■ Task to complete ■
Retype exactly, and only, the lines from the one that contains "Workshop: De Porceleyne Clauw" through the final line of the entries.

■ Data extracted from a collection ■

== Segment start ==

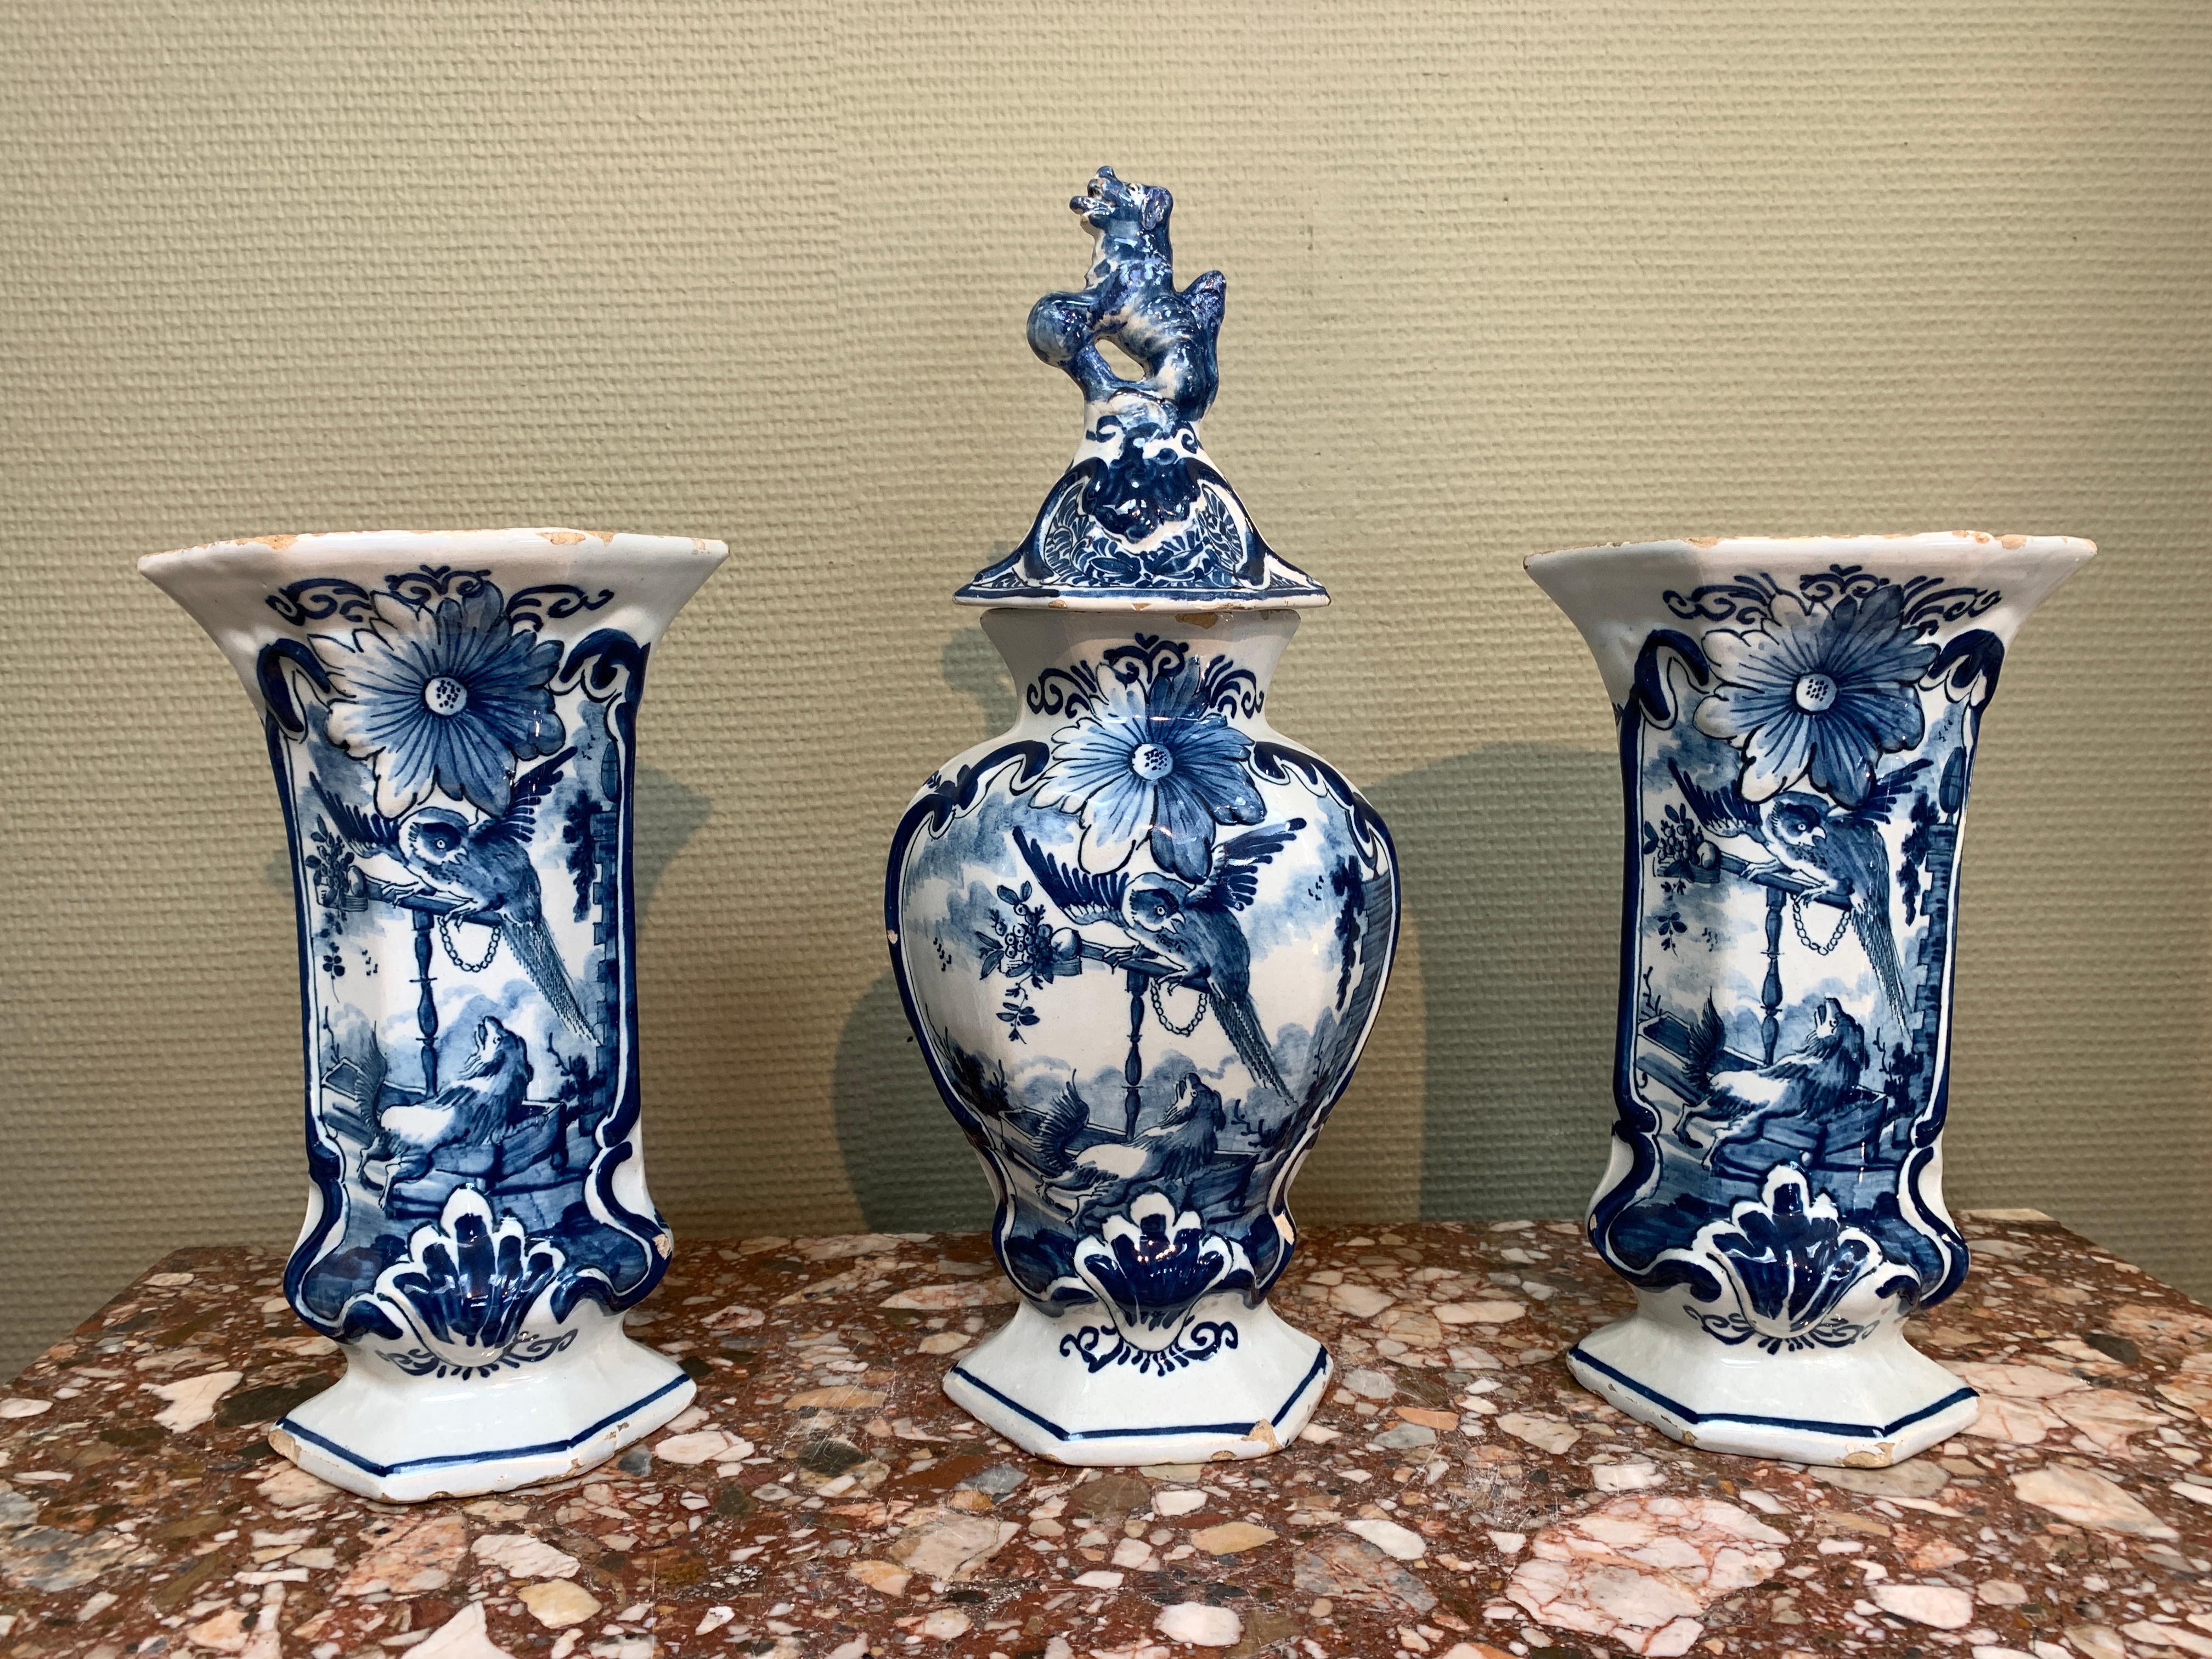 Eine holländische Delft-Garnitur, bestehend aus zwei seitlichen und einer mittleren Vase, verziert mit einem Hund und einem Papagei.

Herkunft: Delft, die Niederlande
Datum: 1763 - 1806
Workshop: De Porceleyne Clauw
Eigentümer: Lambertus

== Segment end ==

■ Output of the exercise ■
Workshop: De Porceleyne Clauw
Eigentümer: Lambertus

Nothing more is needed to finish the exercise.